There is no set date yet.


----------



## tonyb48 (Oct 19, 2006)

I just got a new R15-100 "upgrade". 2 Problems: 1. "Season Pass" is implemented by clicking the "R" button twice on a selected series episode. This feature fails frequently. CSR's report other customers complain as well. In fact, they say they have experienced the problem themselves. Anyone know alternatives? 2. With the old box, one could program the remote to invoke a 30-second skip. Is there a similar programming sequence for the R15-100? Thanks for any help. Tony


----------



## qwerty (Feb 19, 2006)

Find an episode in the guide, hit info, select record, hit the green button to get to the SL tab.

:welcome_s


----------



## carl6 (Nov 16, 2005)

tonyb48 said:


> I just got a new R15-100 "upgrade". 2 Problems: 1. "Season Pass" is implemented by clicking the "R" button twice on a selected series episode. This feature fails frequently. CSR's report other customers complain as well. In fact, they say they have experienced the problem themselves. Anyone know alternatives?

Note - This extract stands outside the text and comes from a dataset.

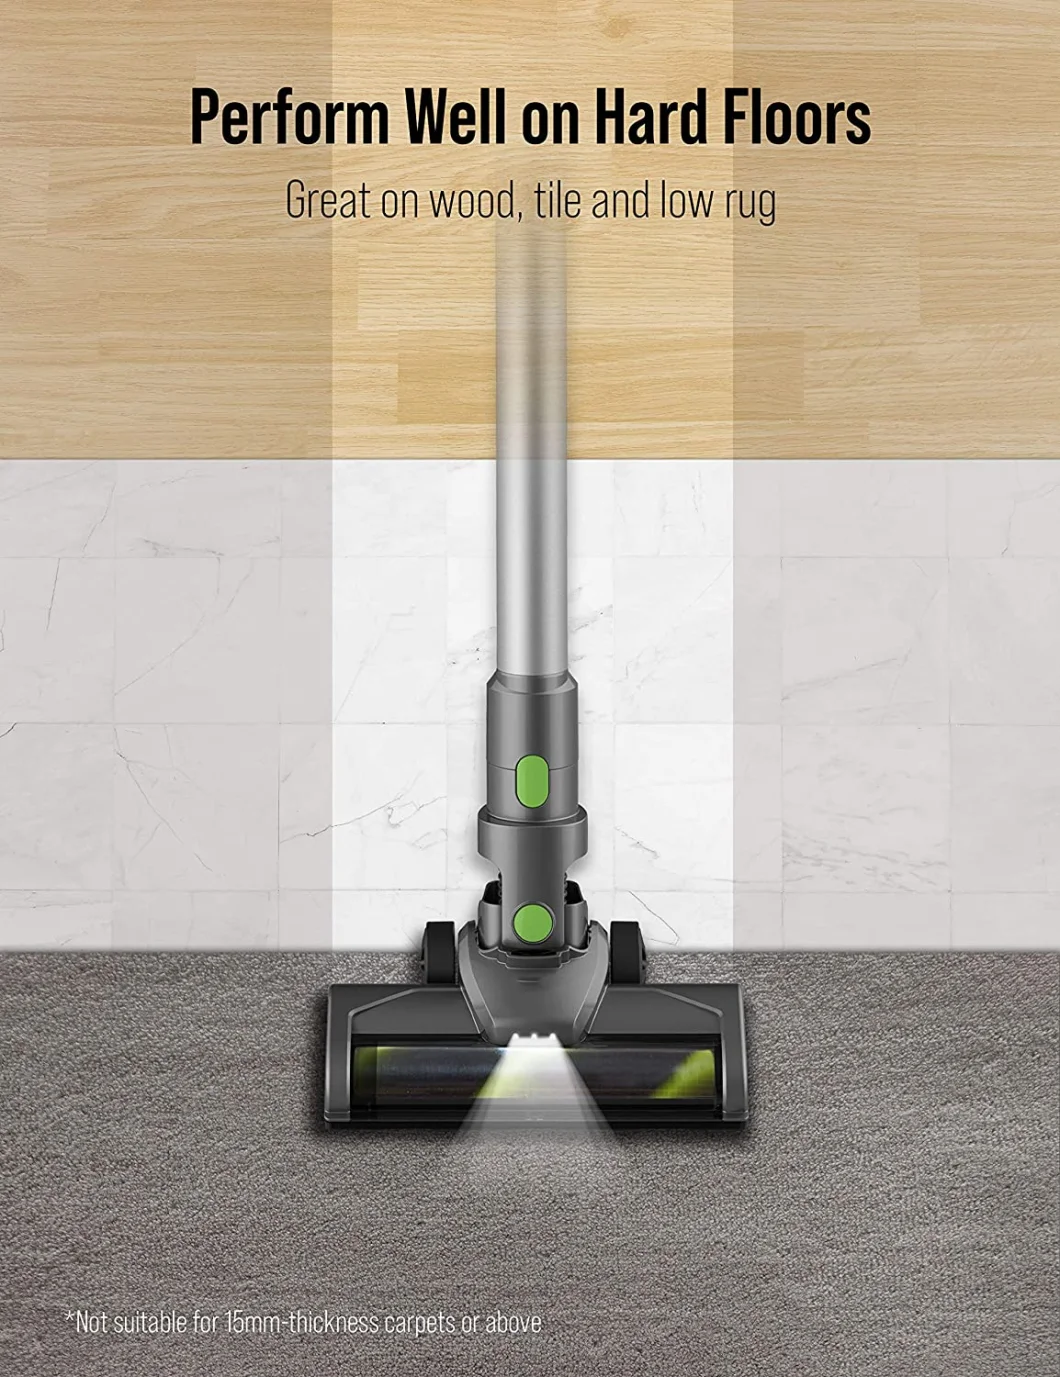 Cordless Vacuum Cleaner, 5 in 1 Stick Vacuum Cleaner with Washable HEPA Filter, Lightweight Bagless Vacuum Cleaner with LED Screen, Rechargeable Battery

If you have already set a series link, then you can't set another one for the same show. You have to delete it first. You can set an individual showing to record, and a work around would also be to set up a recurring manual recording.



tonyb48 said:


> 2. With the old box, one could program the remote to invoke a 30-second skip. Is there a similar programming sequence for the R15-100? Thanks for any help. Tony


There is a 30 second "slip" already integrated into the R15. Simply press the skip forward button (clockwise arrow to the right of the stop button). You can do multiple presses for multiple 30 second slips.

Carl


----------